Which brings up another change: Until July 16, the Business License Department Web site displayed a paragraph explaining that there are "31,000 Cobb Business Licenses." As part of Olens' change campaign, that paragraph disappeared last week. So did the term "business license" in more than 20 places on the county Web site.

Another change: Cobb spokesman Robert Quigley tells us that there are now only 1,098 Cobb Business Licenses.

Quite a change, eh?

By now, the reader may be asking "Why the changes" - and, "Did the Spanish language version of the Business License page change too?"

Here is why - and no, the Spanish version of the Cobb Business License page did not change. Because of a 2006 state law - the Georgia Security and Immigration Compliance Act - local governments in Georgia are required to use a federal database called the SAVE program to verify the eligibility of any alien applicant who has signed a required affidavit saying he or she is living here lawfully and is eligible for what the feds and the state of Georgia call "public benefits."

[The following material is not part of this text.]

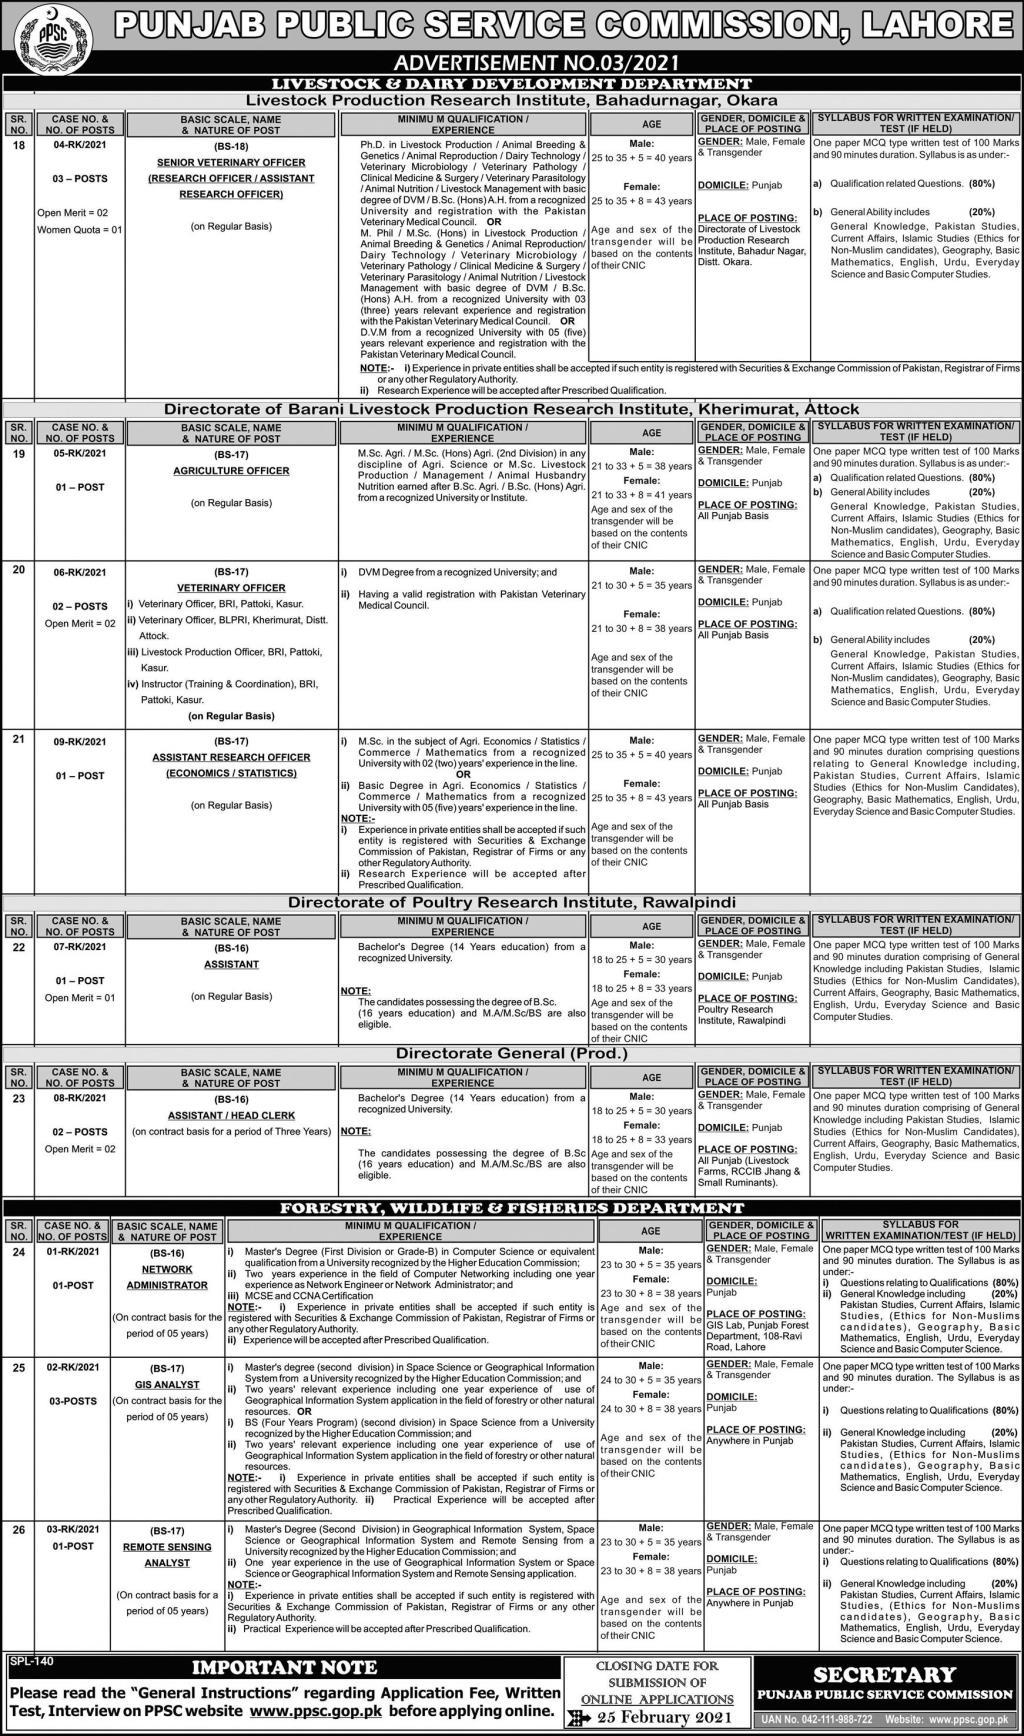 How to Apply PPSC Jobs 2021 - PPSC New Jobs - PPSC Latest Jobs - PPSC Jobs Today - PPSC Online Apply - PPSC Job Pk - PBSC Jobs - PPSC Jobs in Pakistan
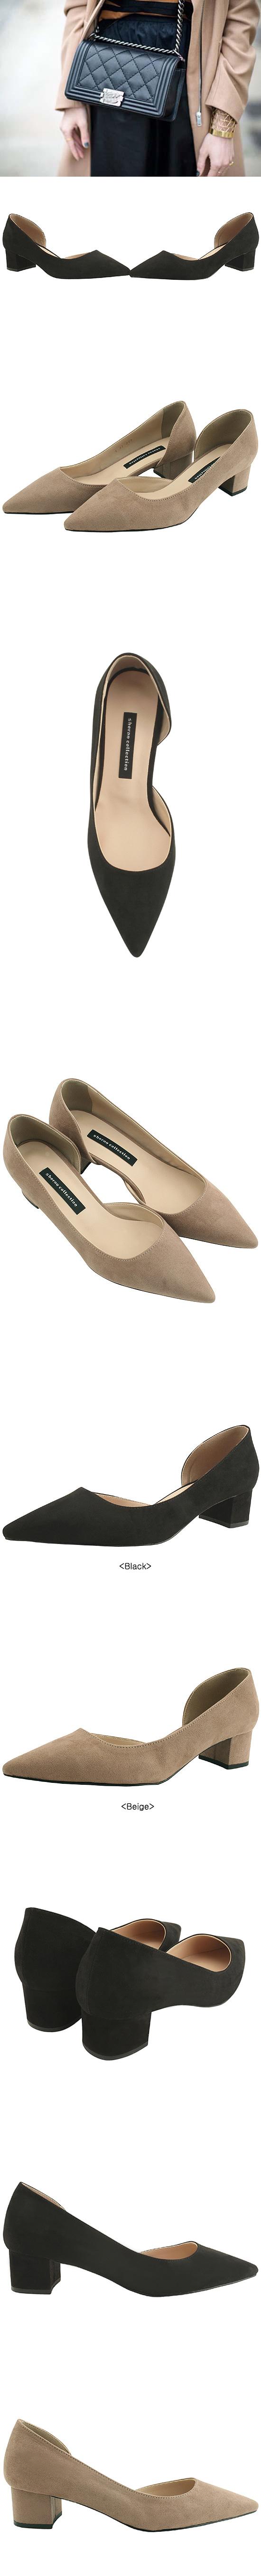 Stiletto Suede Low Heel 4cm Beige

Like adult education, housing assistance, homestead exemptions, small business loans and eighty other benefits, commercial licenses are "public benefits."

The term "business license" sounds far too much like it is a commercial license (because it is). And because Cobb is issuing business licenses - I mean occupation tax certificates - to nearly anyone who has the license fee (i.e. occupation tax), that in order to successfully avoid compliance with the law, the term "business license" had to go.

The reader might be thinking right about here that we should not need another law to tell us not to encourage an illegal alien to open a business in our community, that we could just use common sense and not let that happen.

Me too.

The law also requires local governments in Georgia to verify that newly hired employees are legal residents. How long before we see the word "employee" changed in Cobb to avoid compliance? Such as calling employees "reimbursed task assistants"?

I also find myself wondering how long it may be until it is either more profitable or politically expedient to redefine the downtown Marietta area. I can imagine the new signs now: "Welcome to Marietta Circle."

D.A. King is president of the Cobb-based Dustin Inman Society, which is opposed to illegal employment and illegal immigration.